We know that \[\sec\ \theta = \dfrac{1}{cos\ \theta }\] and also \[tan\ \theta = \dfrac{sin\ \theta }{cos\ \theta}\]
Thus we get,
\[\sec 2x – \tan 2x = \left( \dfrac{1}{\cos 2x} \right)\left( \dfrac{\sin 2x}{\cos 2x} \right)\]
\[\Rightarrow\dfrac{\left( 1 – \sin 2x \right)}{\cos 2x}\]
By applying the formula,
We get,
\[\Rightarrow\dfrac{\left( 1 – 2\sin x \cos x \right)}{\cos^{2}x - \sin^{2}x}\ \]
By using the identity , We can substitute
\[\sin^{2}x\ + \cos^{2}x\ \] in the place of \[1\]
\[\Rightarrow\dfrac{\left(\sin^{2}x\ + \cos^{2}x\ - 2\sin x 2\cos x \right)}{\cos^{2}x-\sin^{2}x}\ \]
We know that \[a^{2} + b^{2} – 2ab = \left( a + b \right)^{2}\]
Thus we can write
\[sin^{2}x + cos^{2}x – 2sinx\cos{x\ }\] as \[\left( cos\ x - \ sin\ x \right)^{2}\] (since \[0\ < \ x\ < \dfrac{\pi}{4}\] then \[sin\ x\ < \ cos\ x\] )
\[\Rightarrow\dfrac{\left( cos\ x - \ sin\ x \right)^{2}}{\ cos^{2}x- sin^{2}x}\ \]
We know that
\[a^{2} – b^{2} = \left( a + b \right)\left( a – b \right)\]
Thus we can write
\[{\cos^{2}x – sin}^{2}x = \left( cos\ x + \ sin\ x \right)\left( cos\ x - \ sin\ x \right)\]
\[\Rightarrow\dfrac{\left( cos\ x - \ sin\ x \right)^{2}}{\left( \cos{x + \sin\ }x \right)\left( cos\ x - \ sin\ x \right)}\ \]
By simplifying,
We get,
\[\Rightarrow\dfrac{cos\ x\ -\ sin\ x}{cos\ x\ + \ sin\ x}\]
By taking \[\cos x\] outside from both numerator and denominator,
We get,
\[\Rightarrow\dfrac{{cos\ x}\left\lbrack 1\ - \ \left( \dfrac{\sin x}{{cos\ x}} \right) \right\rbrack}{\left({cos\ x}\left\lbrack 1\ + \ \left( \dfrac{{sinx}}{{cos\ x}} \right) \right\rbrack \right)}\]
On simplifying,
We get,
\[\Rightarrow\dfrac{1\ - \tan x}{1\ + \tan x}\]

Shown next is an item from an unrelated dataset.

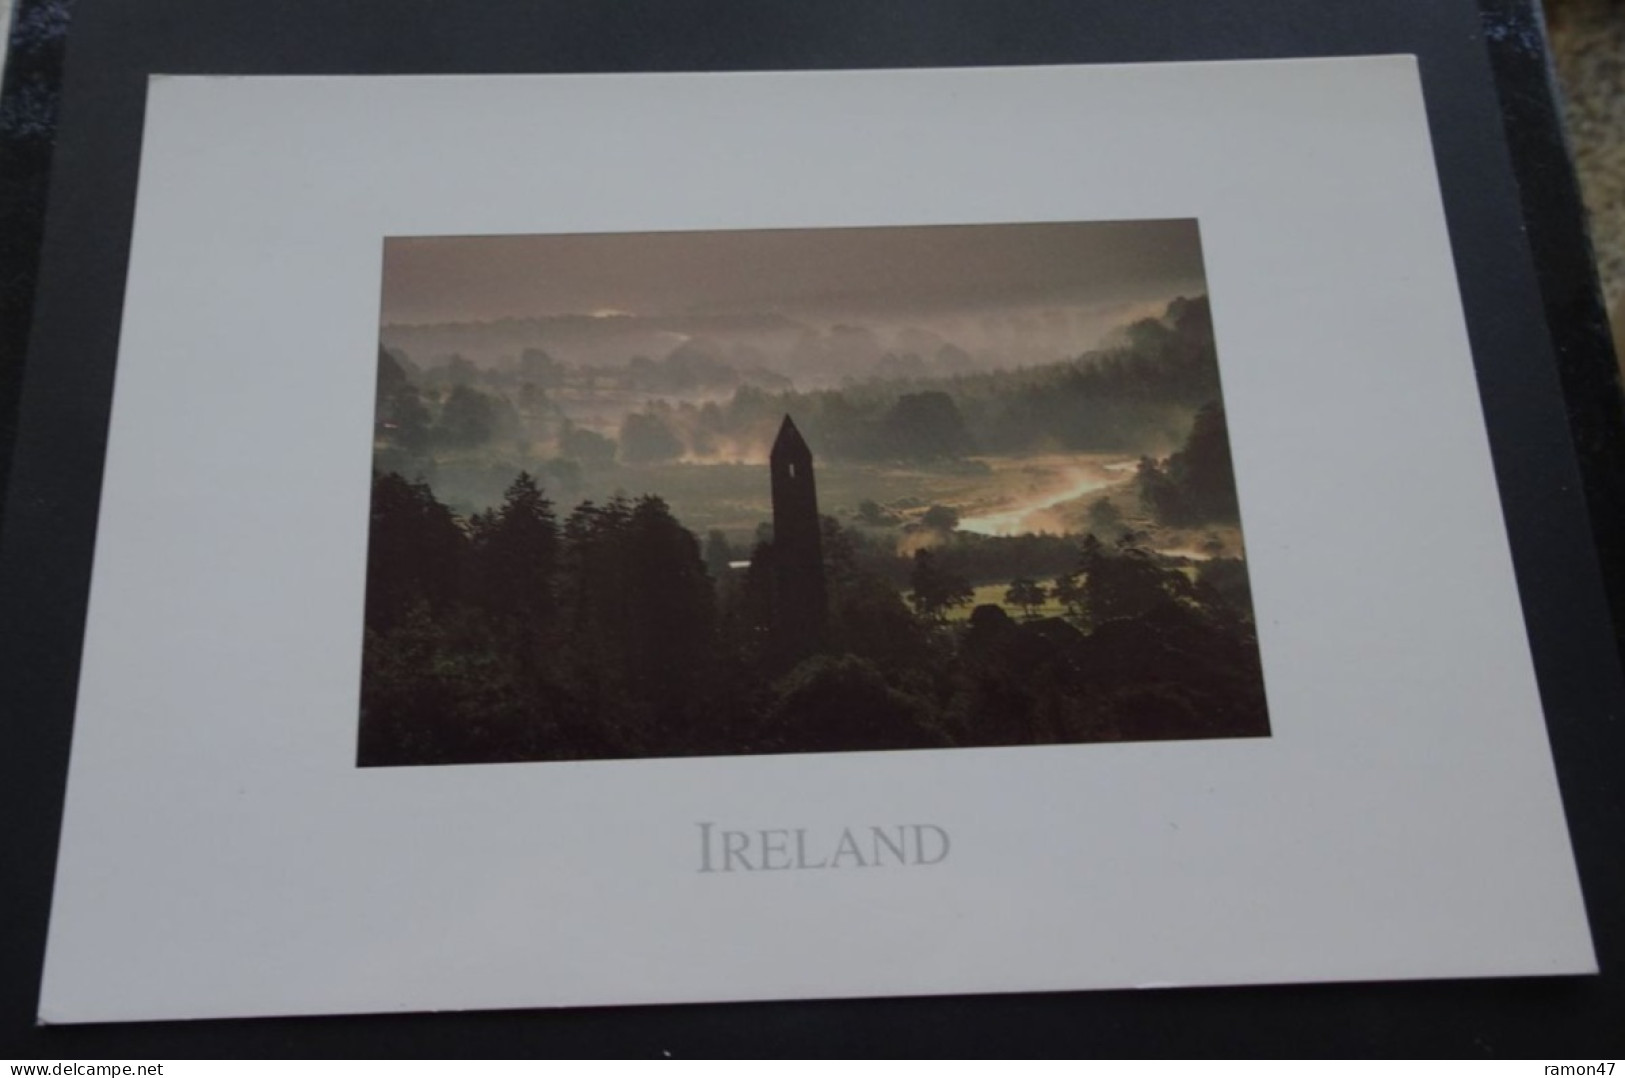 Glendalough - Greetings From Ireland - Insight Cards Ltd. - # IM 9 - Wicklow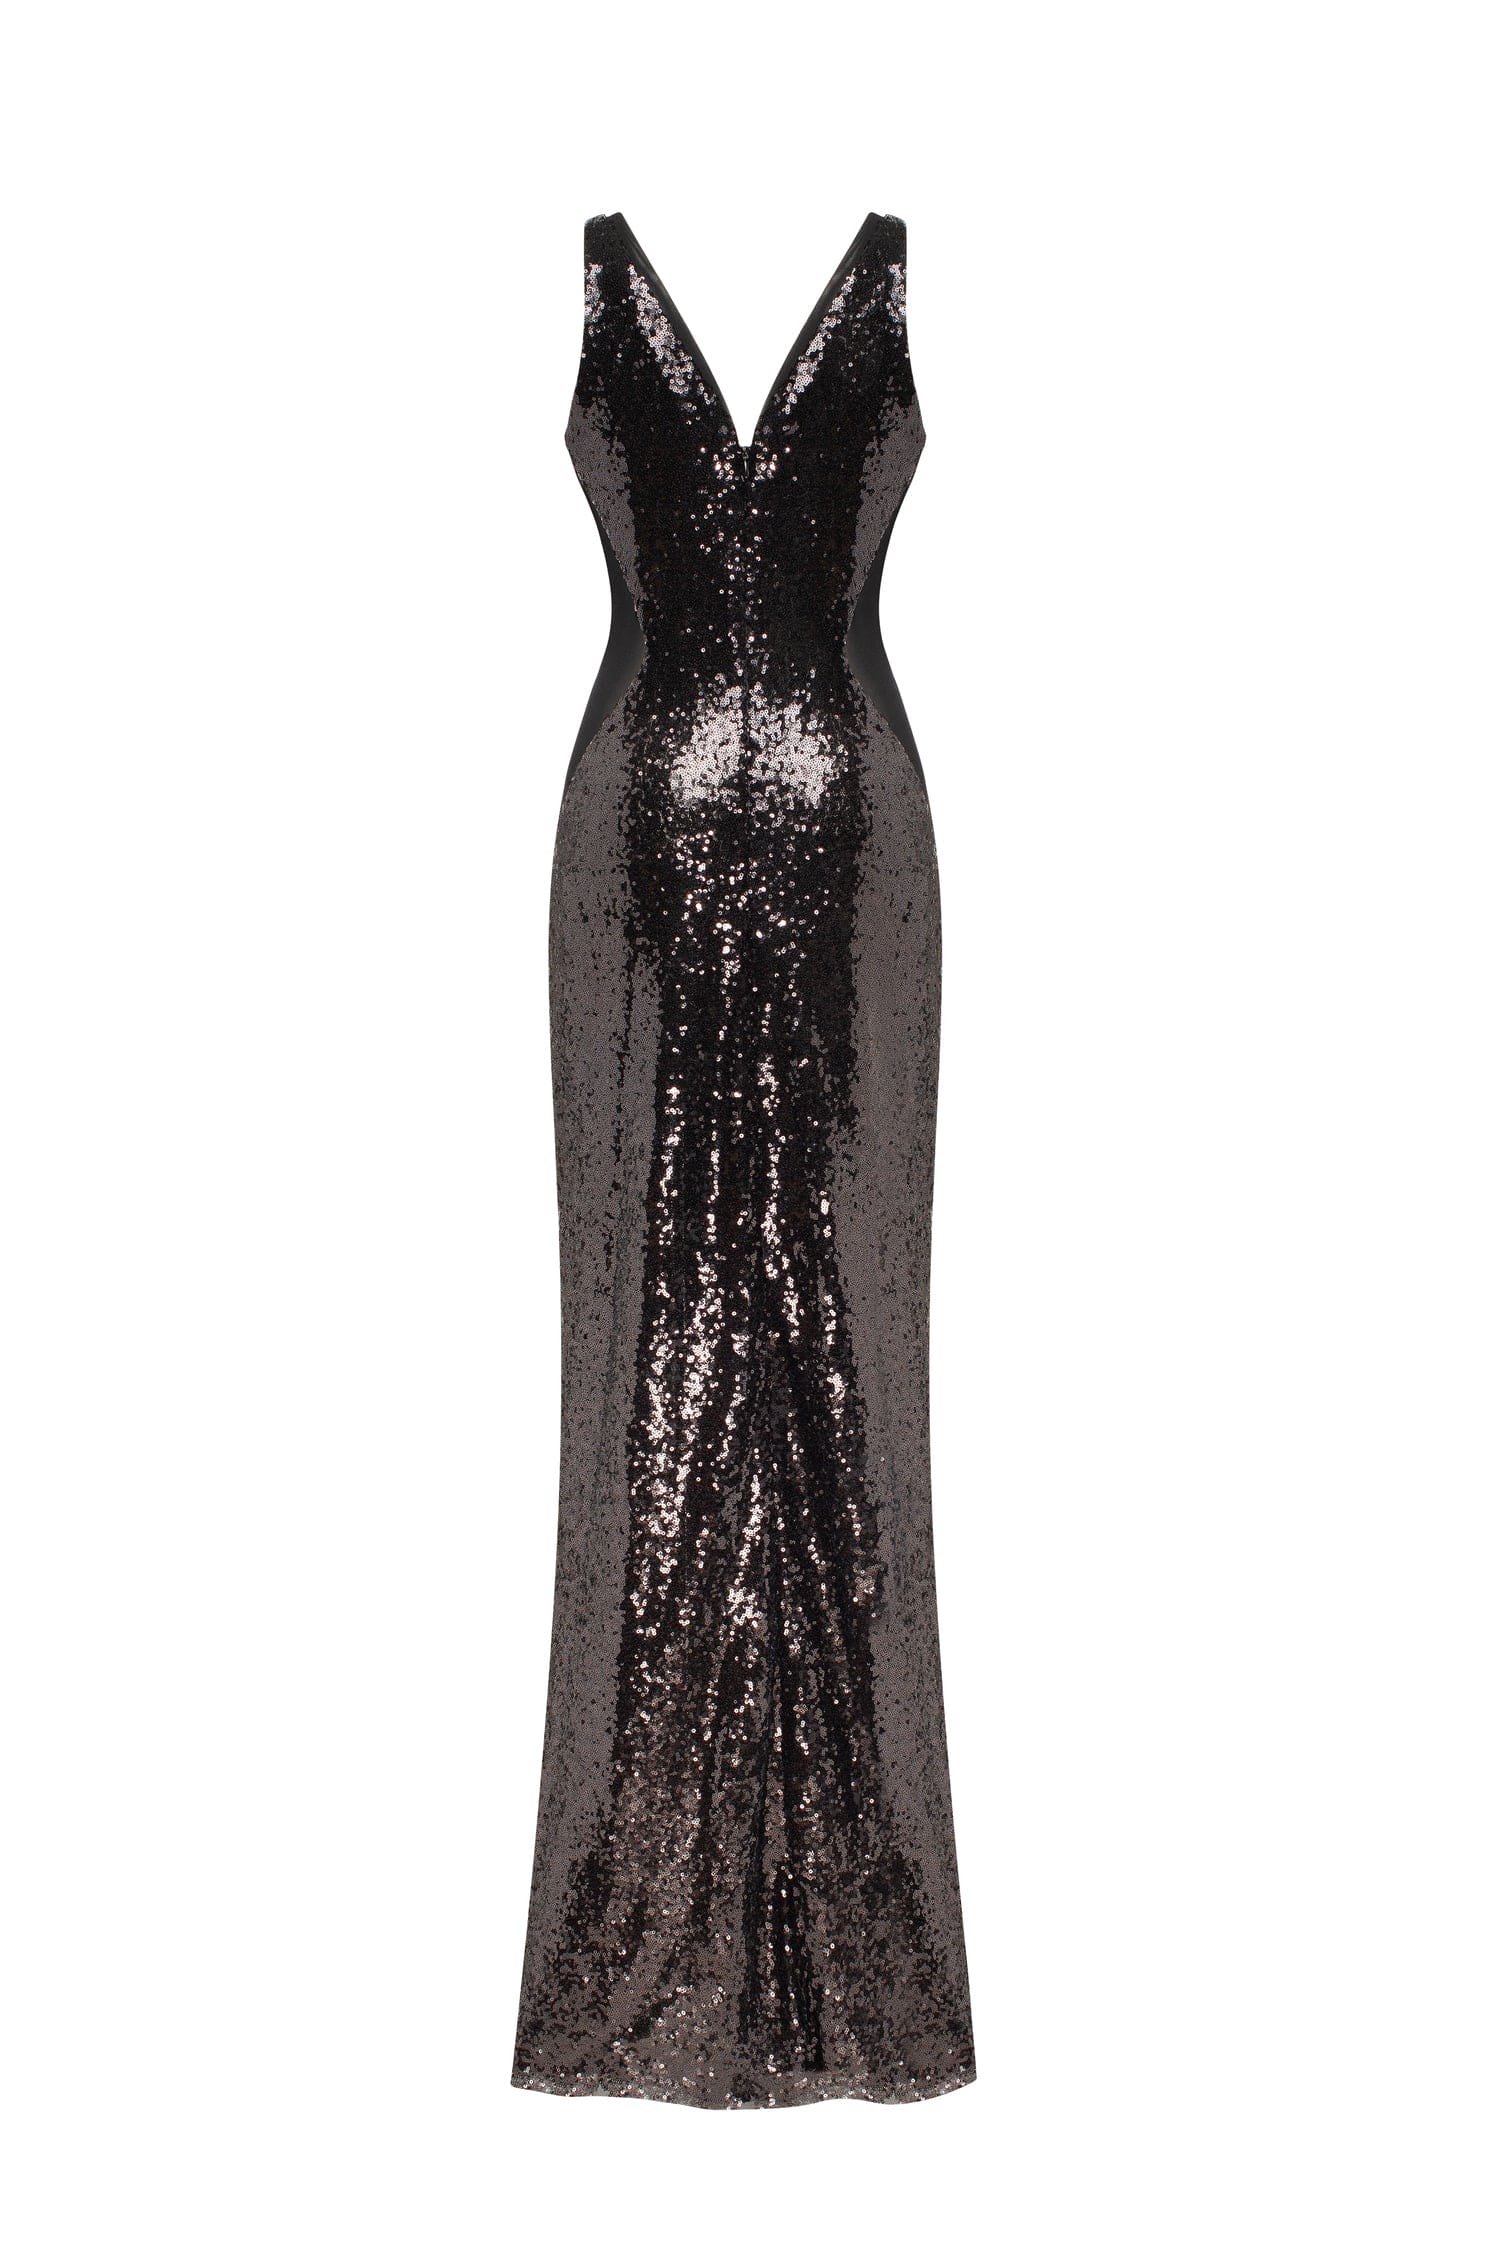 Dazzling fully sequined black maxi dress, Smoky Quartz

We can write this expression as
\[\Rightarrow\dfrac{1\ - \tan x}{1\ + 1 \times \tan x}\] in order to bring the expression in the form of \[tan(A + B)\] formula.
We know that the value of \[\tan\left( \dfrac{\pi}{4} \right)\] is \[1\]
\[\Rightarrow\dfrac{\tan\left( \dfrac{\pi}{4} \right)\ -\tan x}{1\ + \tan\left( \dfrac{\pi}{4} \right) \times \tan x}\]
We know
\[\dfrac{tan\ A\ - \tan B}{1\ + \tan A \times \tan B} = \tan\left( A - B \right)\]
By applying the formula we get ,
\[\dfrac{\tan\left( \dfrac{\pi}{4} \right)- \tan x}{1\ + tan\left( \dfrac{\pi}{4} \right) \times \tan x} = tan\left( \left( \dfrac{\pi}{4} \right) - x \right)\]
Thus we get,
\[\sec 2x – \tan 2x = tan\left( \left( \dfrac{\pi}{4} \right) - x \right)\]
Therefore we have converted the given expression in terms of tangent.
Final answer :
\[\sec 2x – \tan 2x\] in terms of tan is \[\tan\left( \left( \dfrac{\pi}{4} \right) - x \right)\]

Note: The concept used to solve the given problem is trigonometric identities and ratios. Trigonometric identities are nothing but they involve trigonometric functions including variables and constants. The common technique used in this problem is the use of algebraic formulae with the use of trigonometric functions.